出撃を是とする情勢判断をしたのは、三浦義村、三善康信、大江広元。決断をしたのは北条義時、北条政子。現場指揮官は北条泰時、北条時房など。こうした、司々で力を発揮して機能した幕府首脳部について、筆者は「チーム鎌倉」と称し、事実上独りで判断・決断を行った後鳥羽上皇との差異を明らかにし、幕府の勝因の一つとしている。

結局、幕府方は、尾張・美濃で上皇方と戦闘状態に入るまでに、十九万騎という大軍の動員に成功。どうにかかき集めて二万騎強という上皇方は尾張、美濃、瀬田、宇治などで奮戦するも相次いで破れ、乱は幕府の勝利として一か月ほどで終息した。

後鳥羽は隠岐に流罪となり、その子である順徳、土御門両上皇も流罪。三上皇の流罪という史上類の無い事態の他、上皇方となった多くの公卿、武士が、ある者は切られ、ある者は追放された。こうして、朝廷の権威・権限は大きく損なわれ、名実ともに、武士および幕府の時代が幕を開けるのである。

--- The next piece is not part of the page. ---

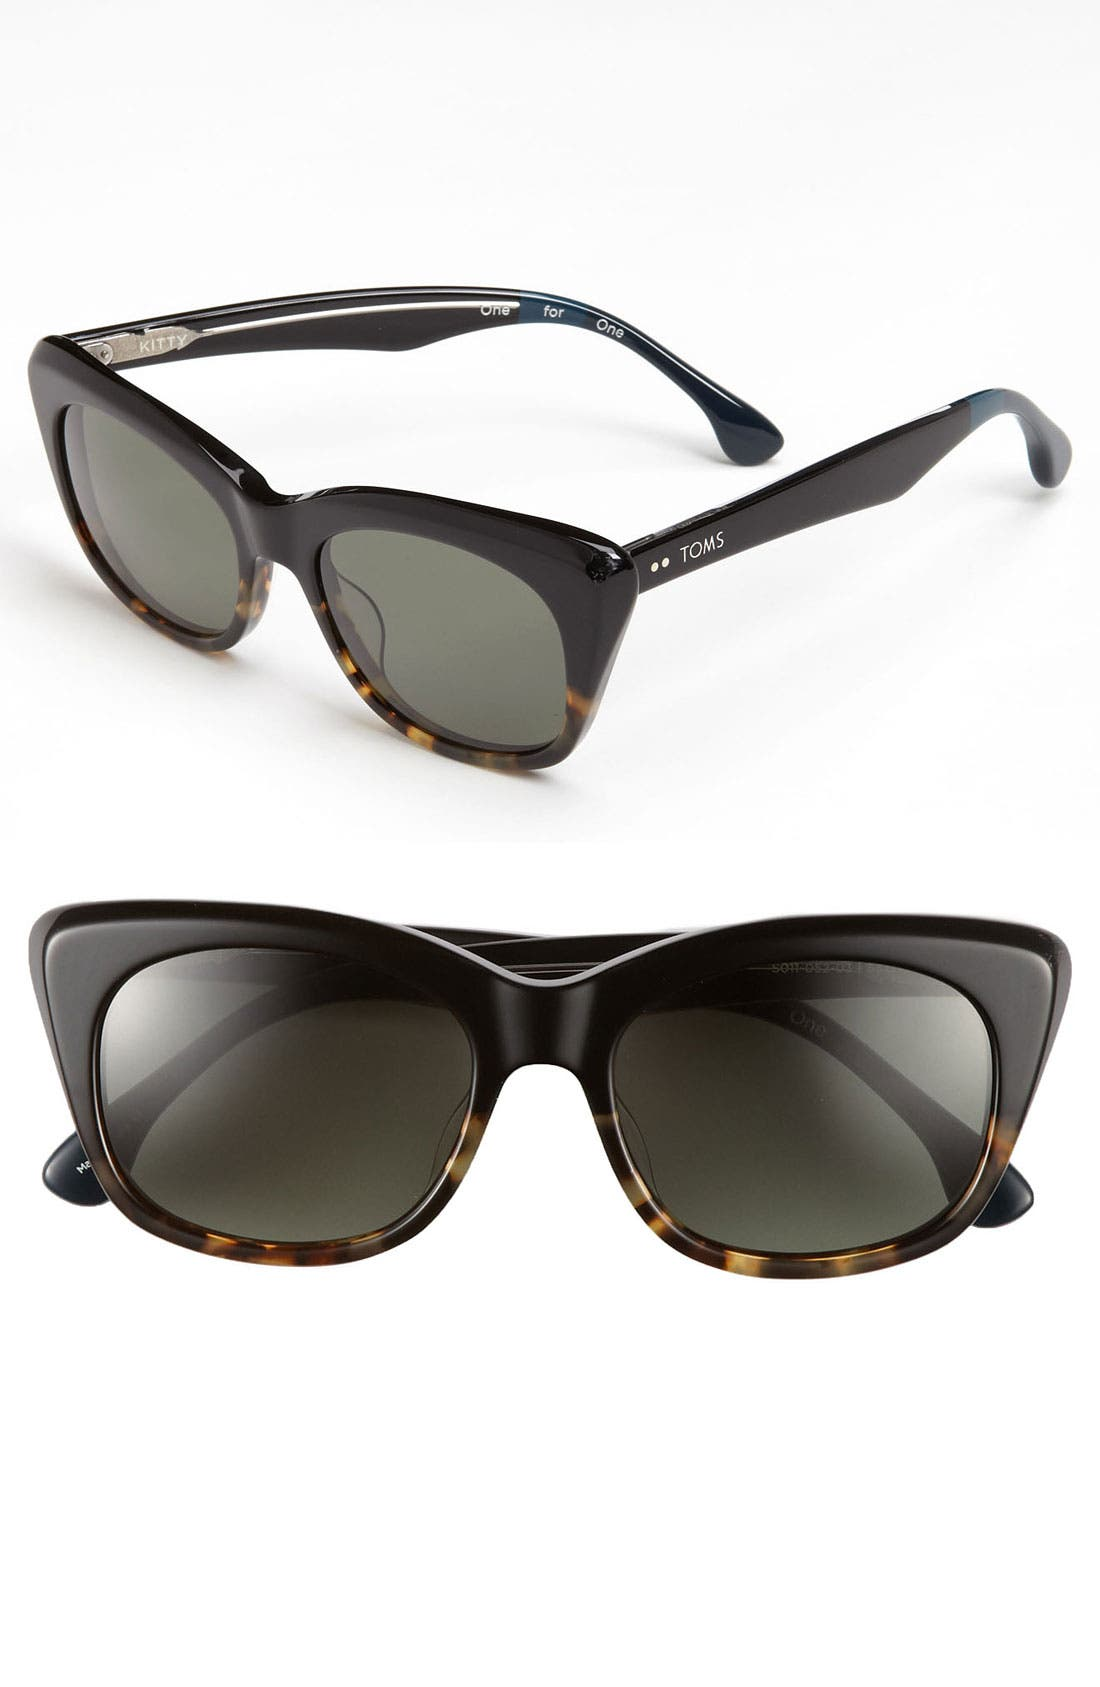 Main Image - TOMS 'Kitty' 53mm Sunglasses

ここに至るまでには、多くの「たら、れば」が去来する。後鳥羽が親王将軍を認めていたならば。後鳥羽が院宣の配布をもっと多くの使者に委ねていたならば。幕府側が出撃ではなく迎撃策をとっていたならば。もし上皇側が勝っていたならば。そして何より、そもそも、実朝が公暁に殺されていなかったならば。

そこにあるのは、日本史上屈指の悲劇だった。

この本を読み、承久の乱に改めて思いをはせた後、あえて似た読後感を探すとするならば、幸田露伴の『運命』だろうかと思わされる。人々の様々な思惑が交錯し、当事者が思いもよらない悲劇に巻き込まれていくその様。

そういえば、保元の乱には『保元物語』、平治の乱には『平治物語』があり、その後の源平合戦には『平家物語』がある。加えて、鎌倉幕府滅亡には『太平記』があり、それぞれ国民的な叙事詩といっても過言ではない。もちろん、承久の乱にも軍記物はあるが、精読していないからかもしれないが、知名度の点で今ひとつの印象は否めない。

そこで、我こそはという現代作家が、この一大悲劇を一大叙事詩に仕立て上げてくれないものかと、一縷の望みを抱いてしまう今日この頃なんである。